Create a unique temporary table for each dbt run for each model. This can be achieved by overriding the make_temp_relation macro. A great example is attached to the github issue here. Note you will also need to add a post model hook to delete the temp tables now.
Using the above strategy in our sandbox environment, we can now run multiple dbt processes, each targeting a specific batch (as set in the environment variable).
So did it work?
In Development Environment. With the above strategy, I did manage to run up to 8 dbt processes in parallel, I did need to increase the available slot sizes otherwise the queries would time out while waiting for the slots to become available.
Unfortunately could not test in production, as I was made redundant from the organisation before I could finish applying the above changes to the 400 or so models we had.
If you have two DBT processes running simultaneously on the same model (with table materialisation). You get the risk of race conditions, where only the results of the dbt process which ran last will persist.

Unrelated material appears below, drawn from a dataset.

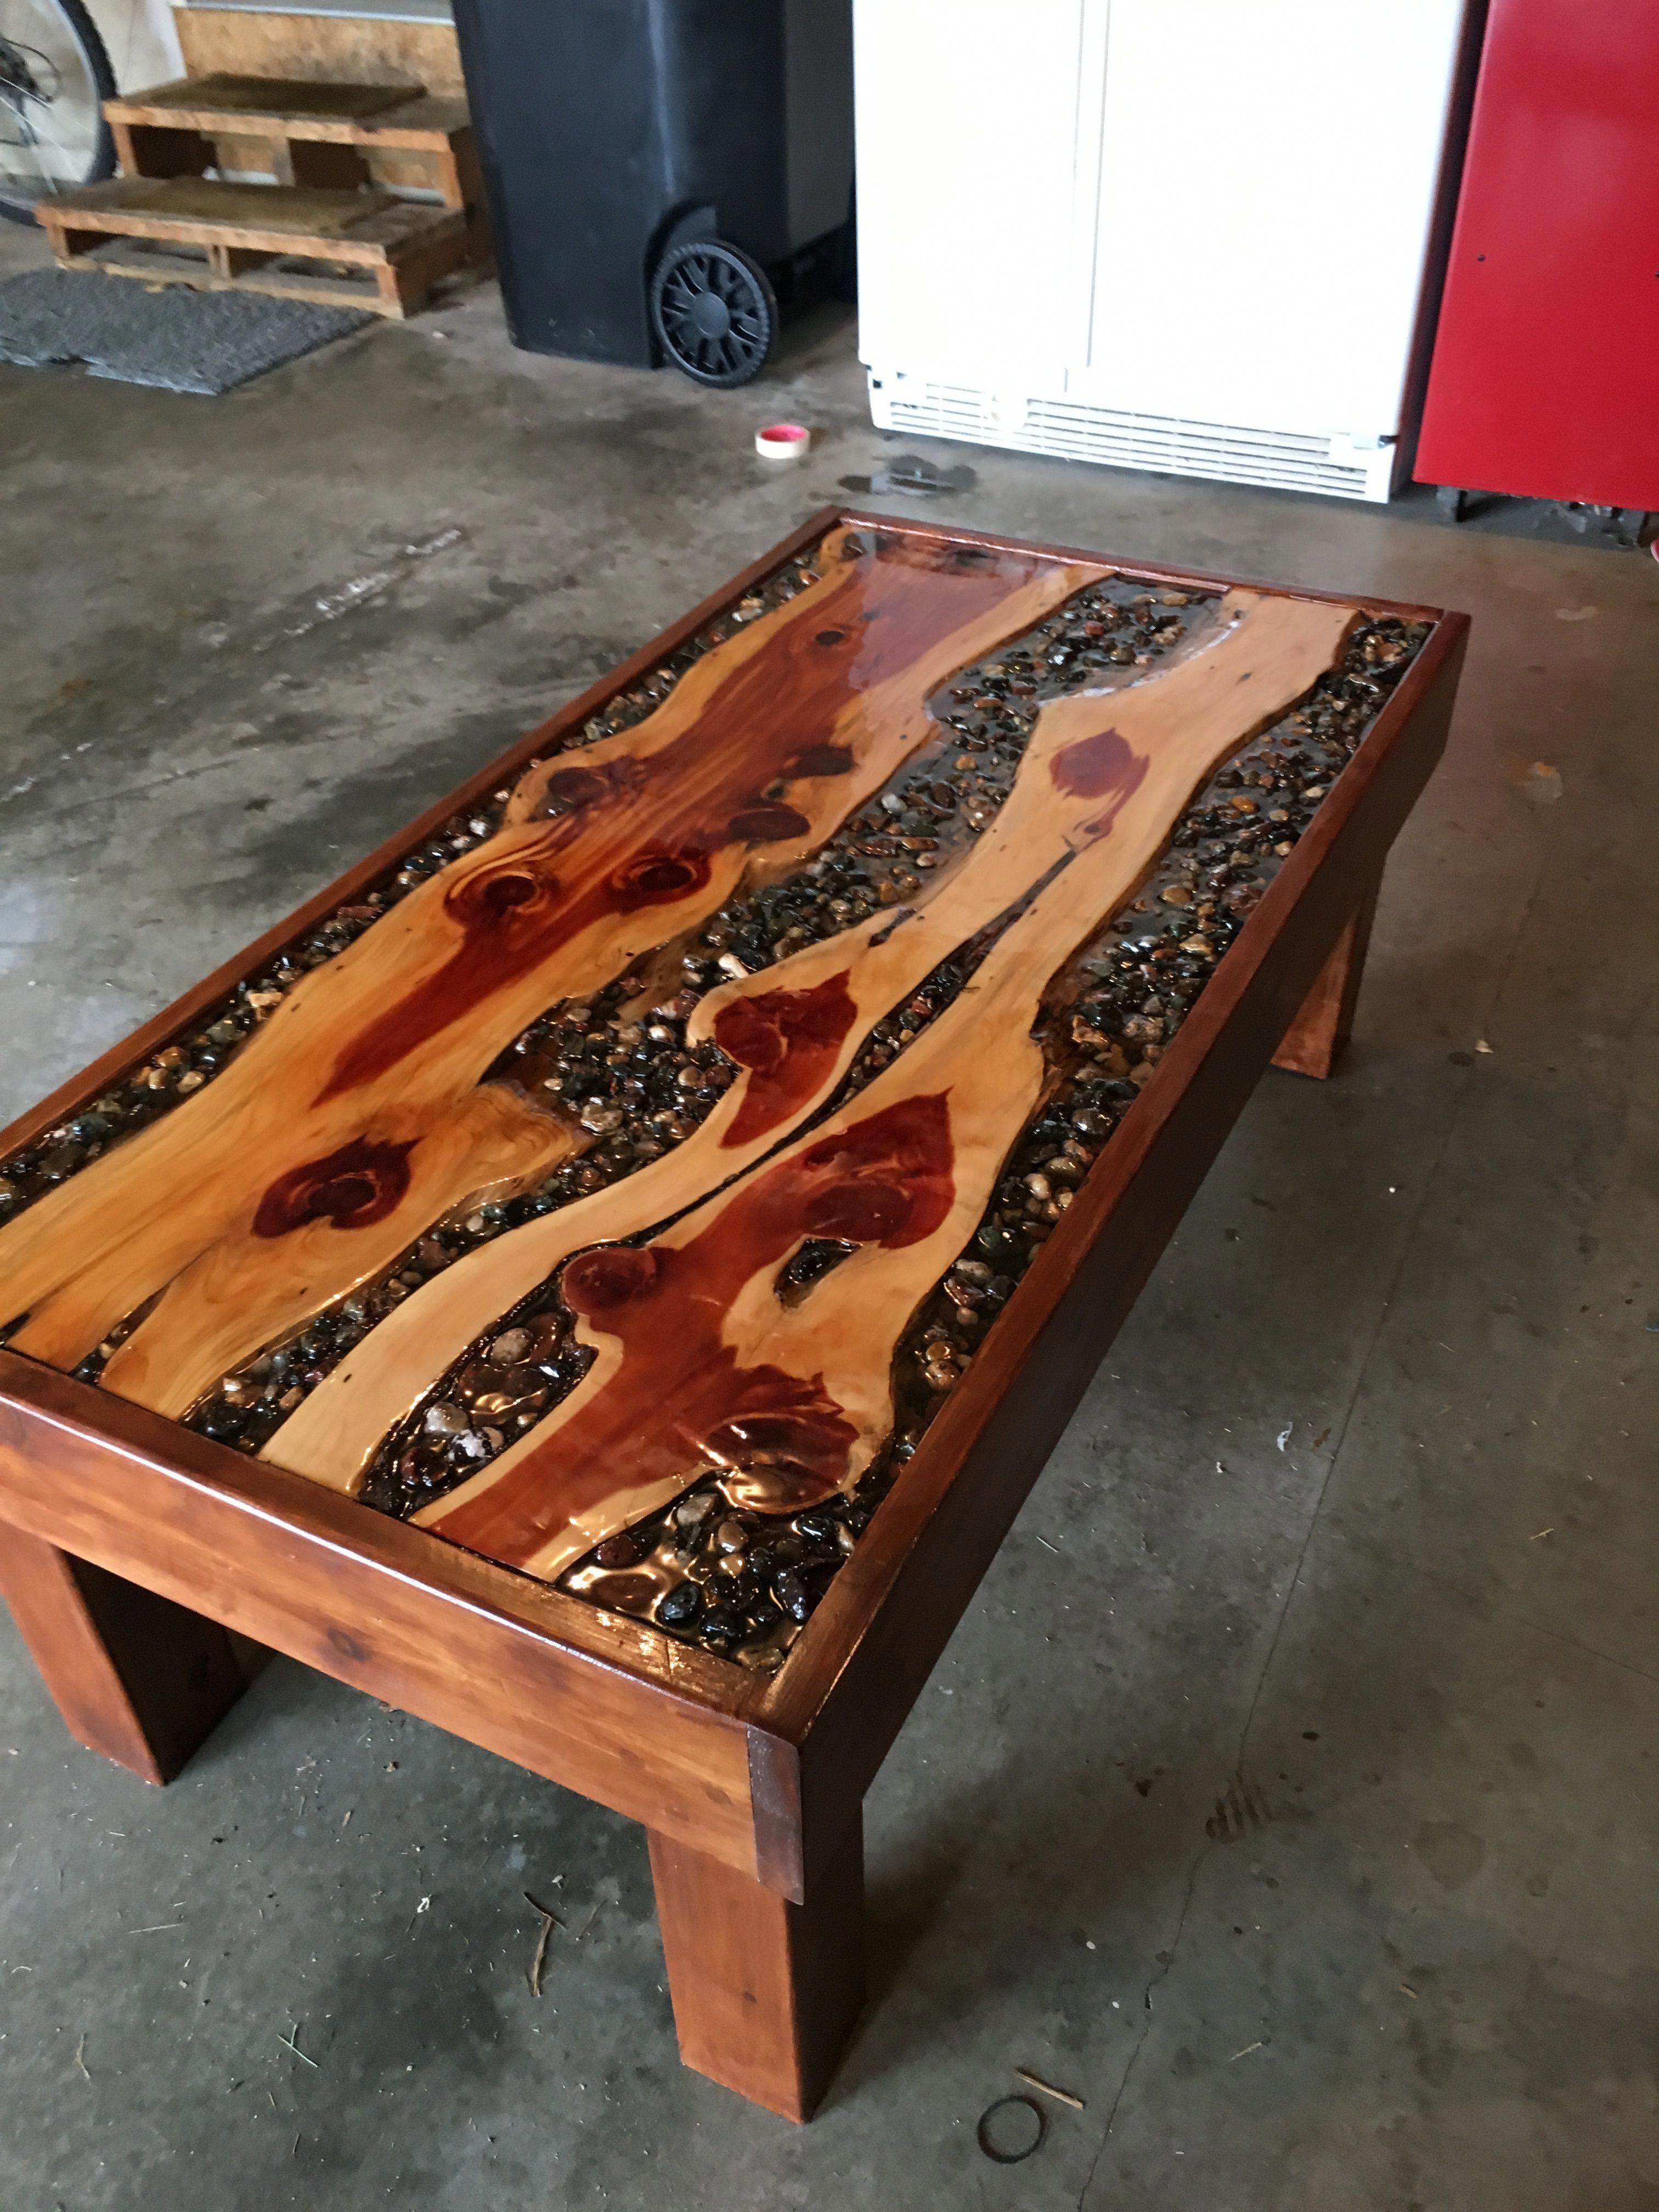 Custom Cedar Wood Coffee Table With River Rocks And Epoxy Diyresinwoodtables Cedar Wood Projects Wood Resin Table Coffee Table Wood [ 4032 x 3024 Pixel ]
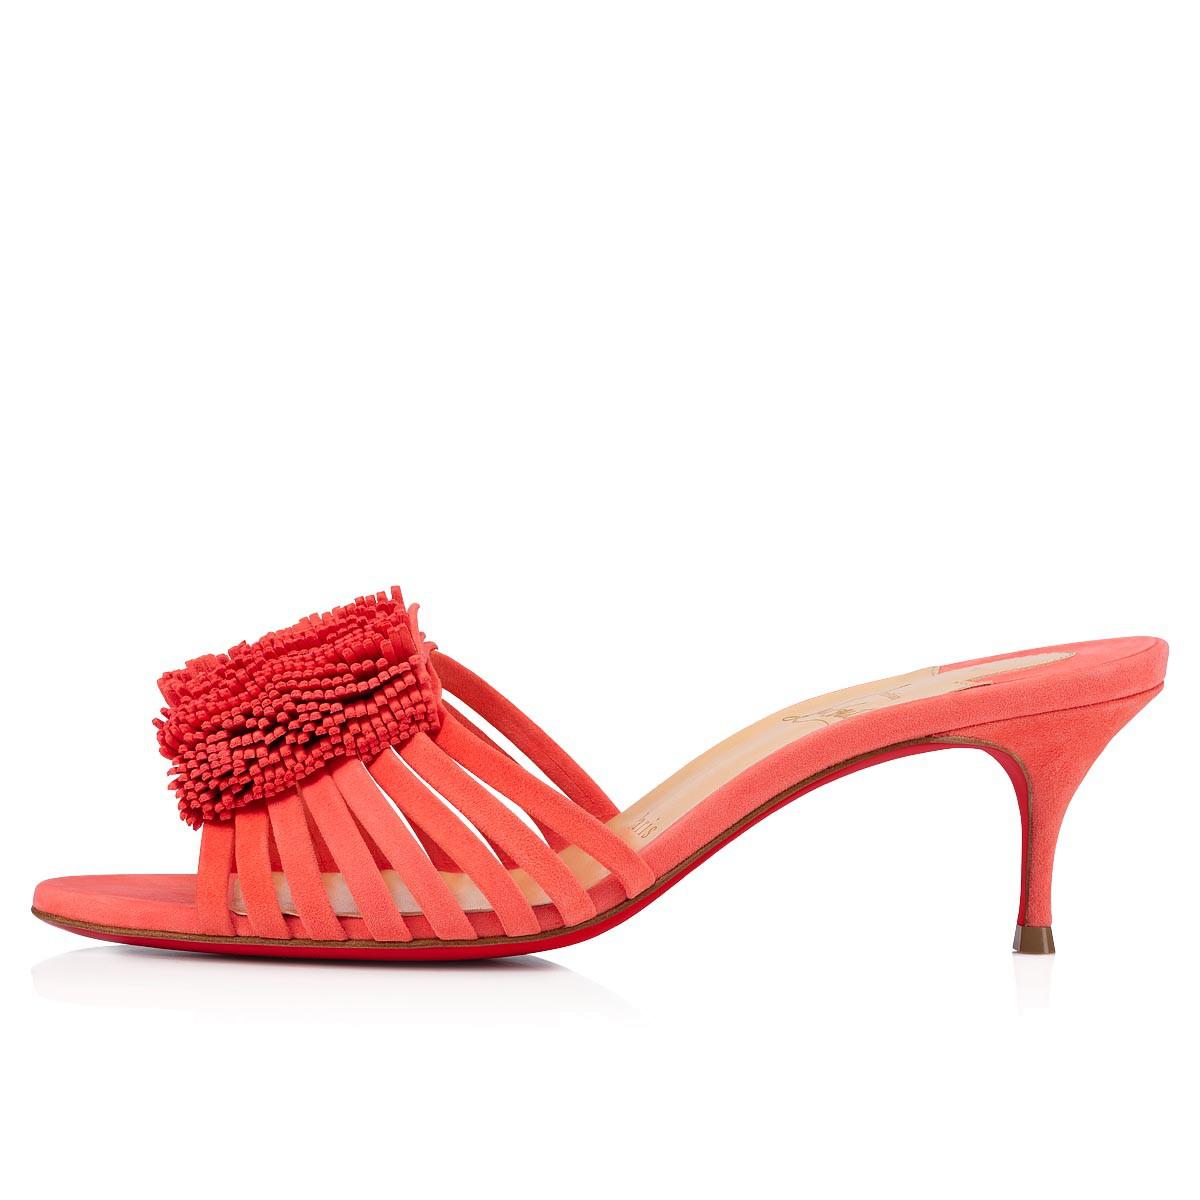 Shoes - Belbrossa - Christian Louboutin

In some cloud data warehouses like BigQuery, if another dbt process is modifying a source table for model A and another dbt process is working on model A, you can even get table not found errors, because at that very instant the source table was being replaced.
In the case of incremental models, if you have two processes working on the same model, the temp table where the delta is stored makes a hash of things. Depending on how the timing of the processes is interleaved, the first one will create the temp table and populate it with data; the second one will delete all data in the temp table and populate its own data and then the first one might copy the data over to the main model and delete the temp table. As a result, the second process will encounter an error(as the temp table will be deleted when it tries to copy the data to the final table).
Which as I discovered later is a very very bad idea.